What the task requires
Only the lines from the one containing "Studio Wood Wall" through the end of the material should be printed, exactly as they appear. Leave out pictures.

Information provided

****

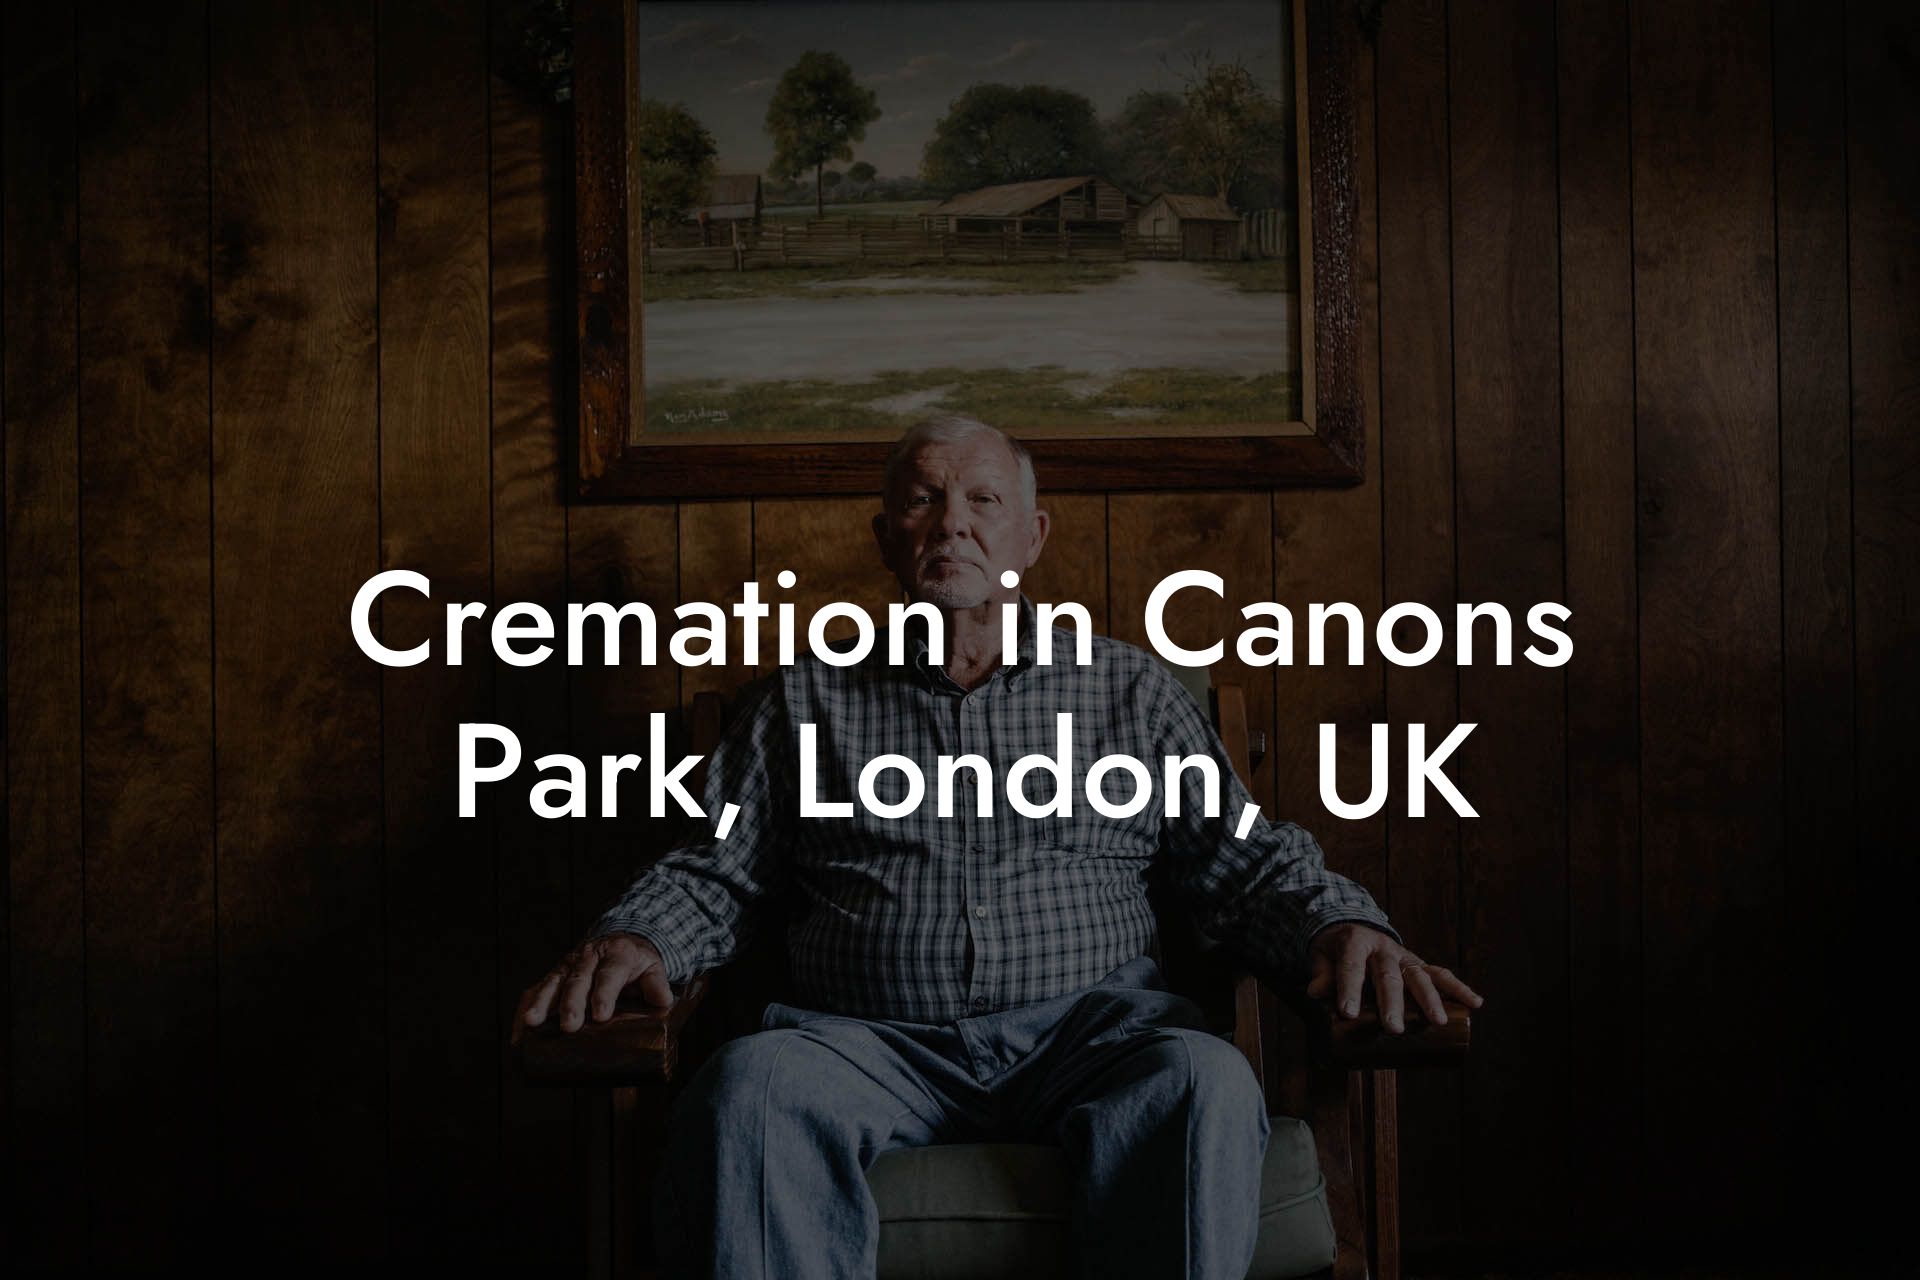 Cremation in Canons Park, London, UK
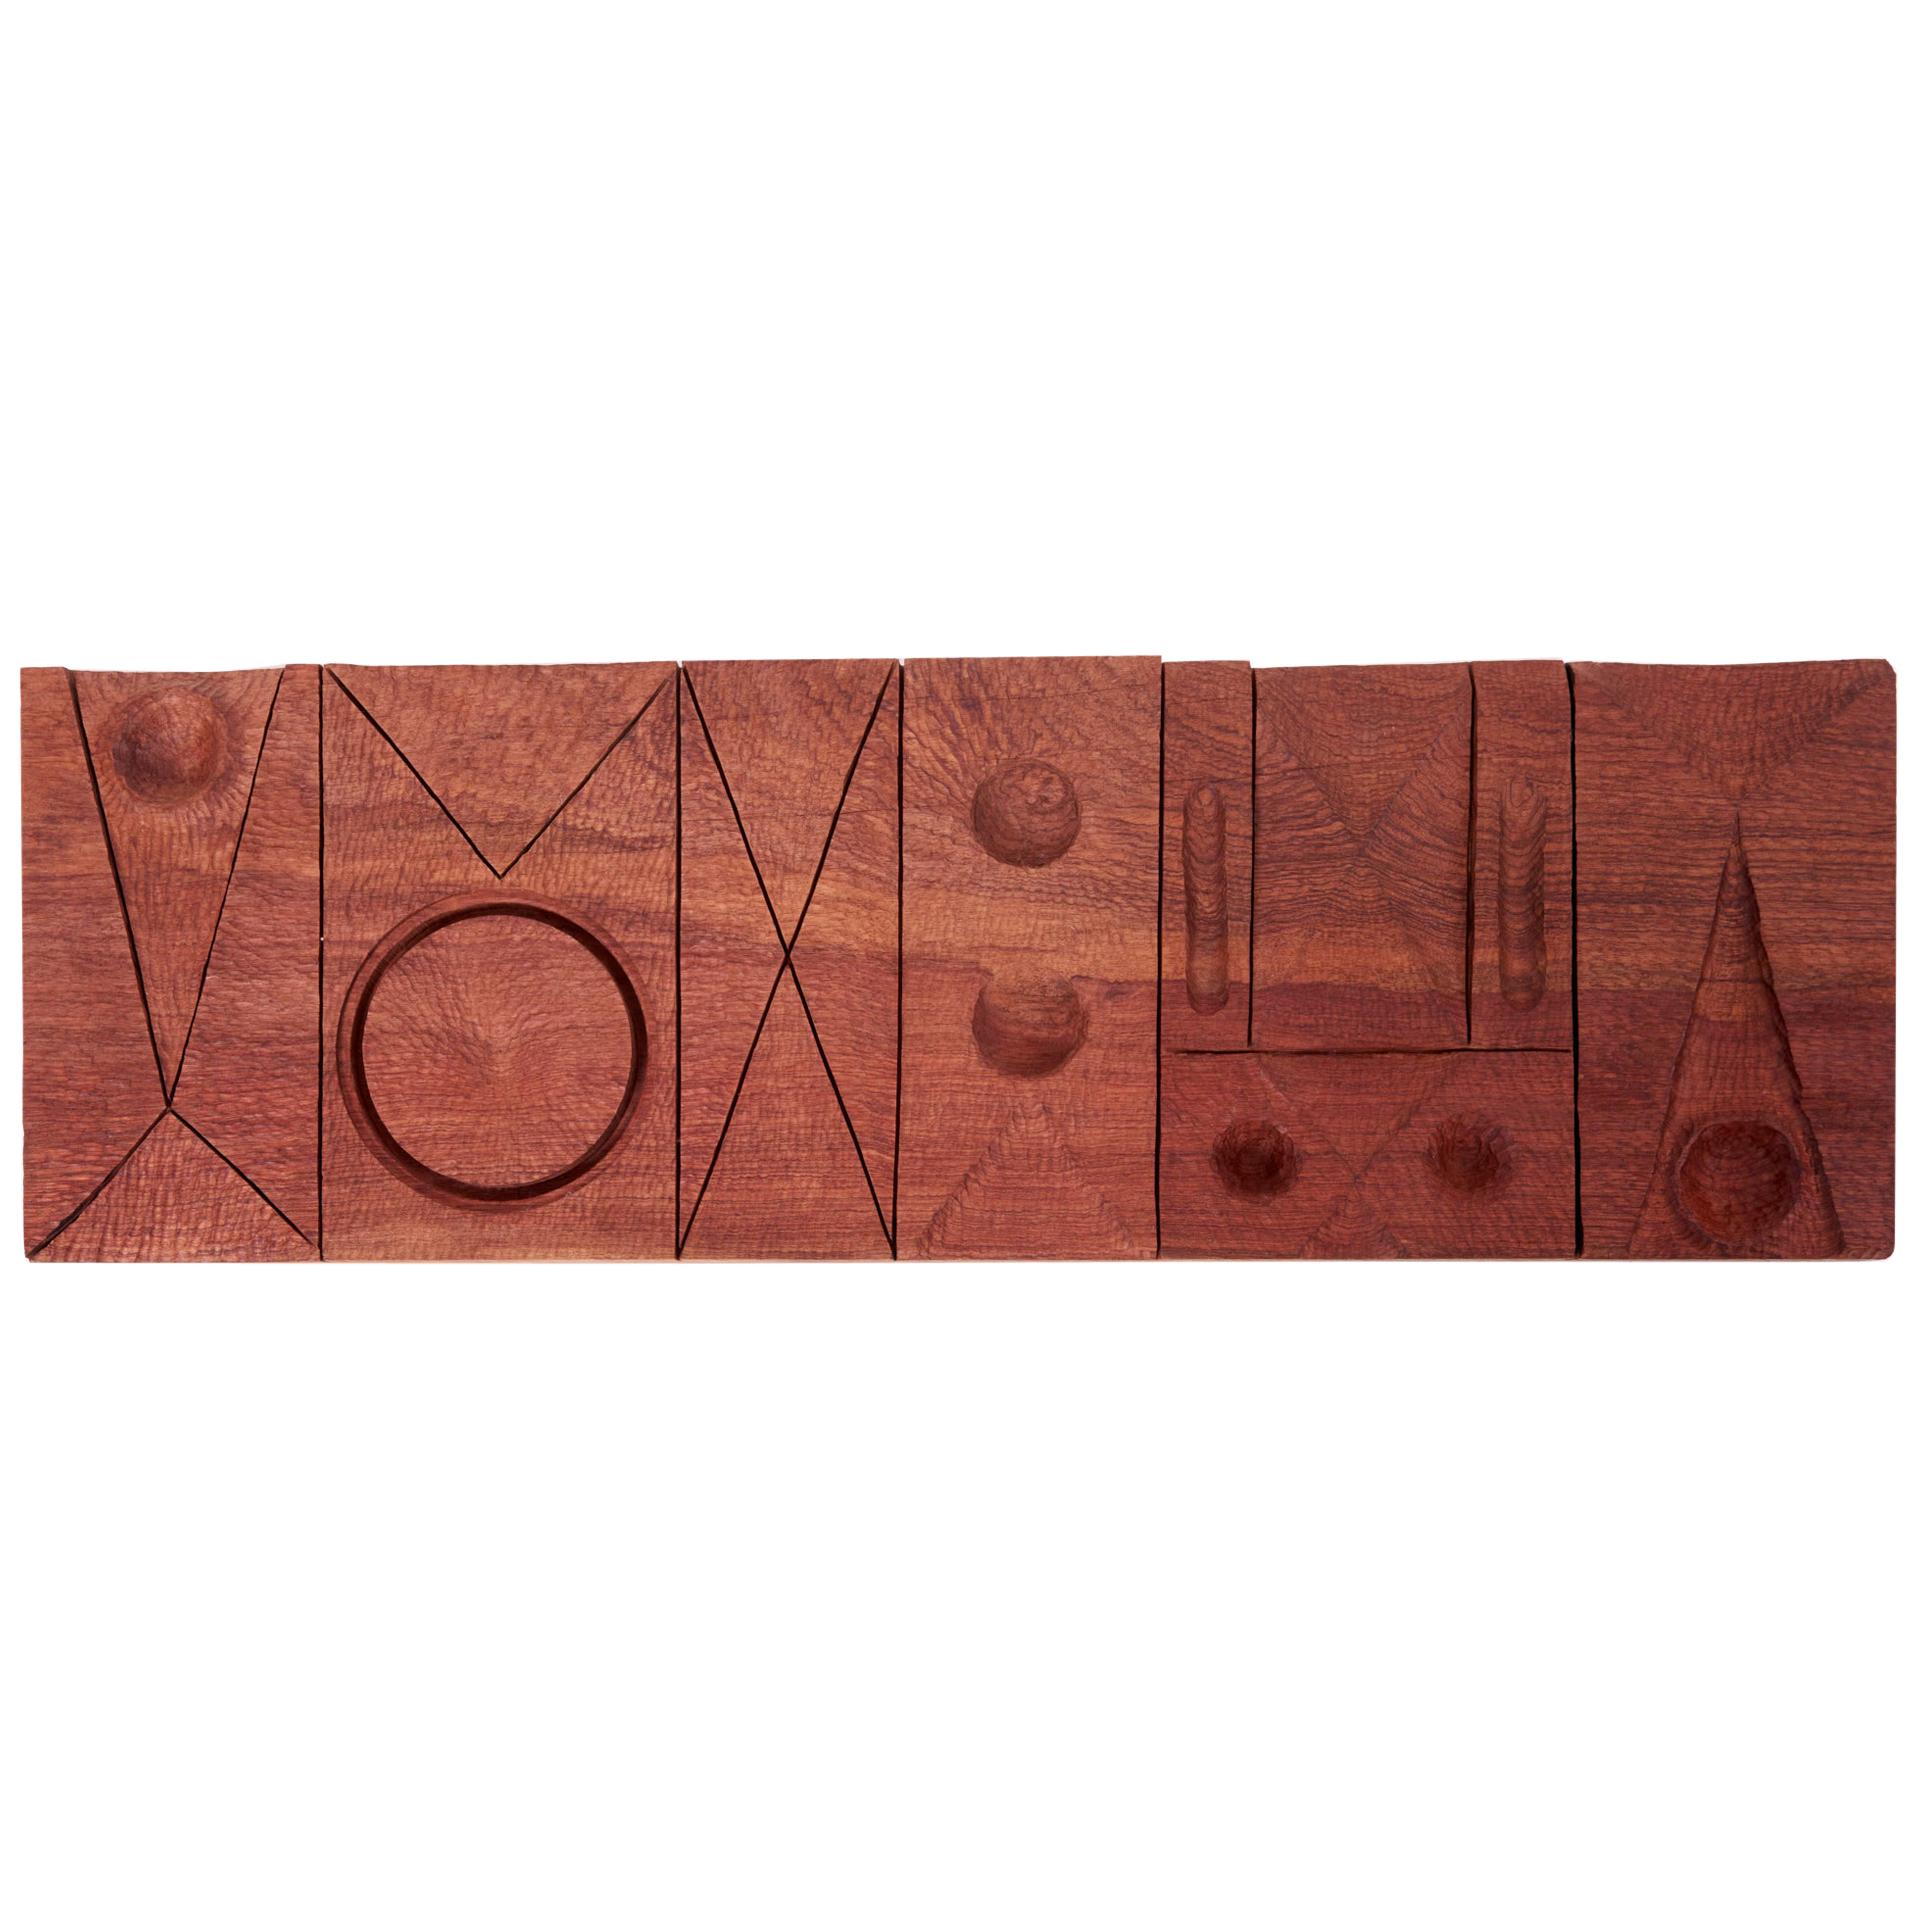 Studio Wood Wall Sculpture Panel by Michael Rozell, US, 2020
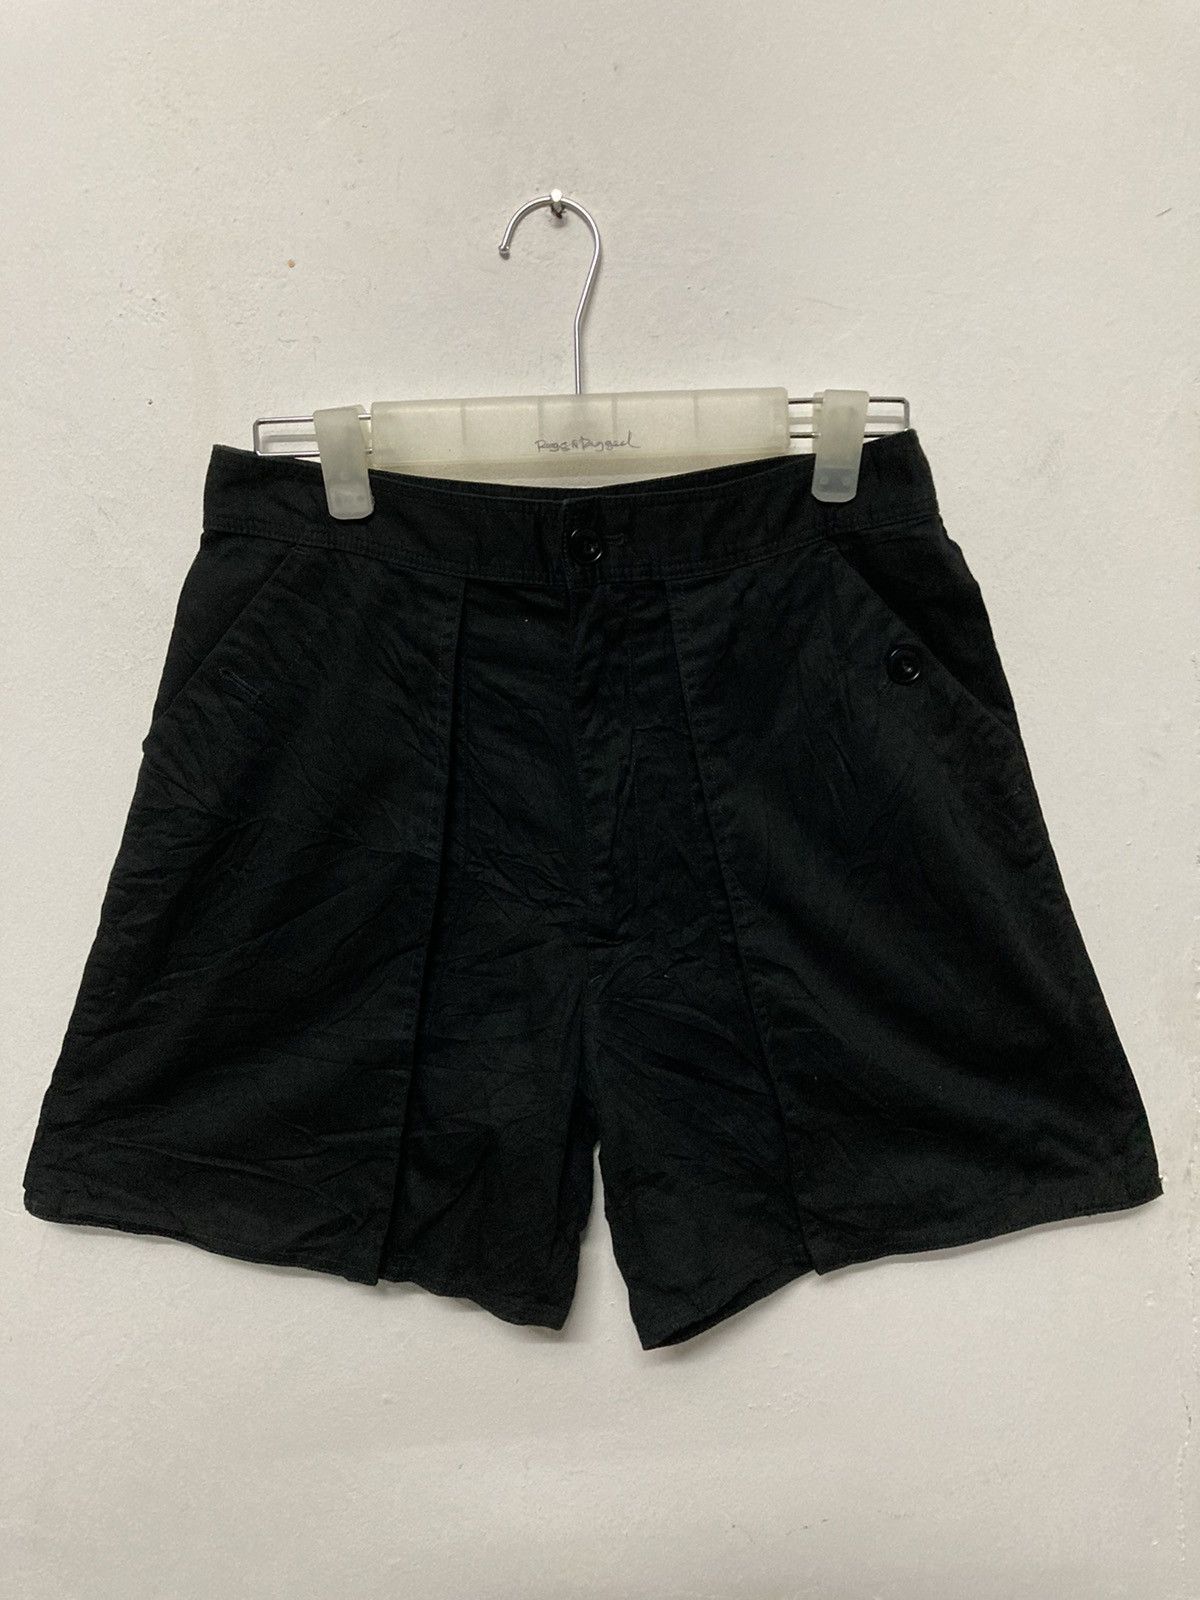 Uniqlo and Lemaire Short Pants - 1

****

Reply
 Studio Wood Wall Sculpture Panel by Michael Rozell, US, 2020
 Uniqlo and Lemaire Short Pants - 1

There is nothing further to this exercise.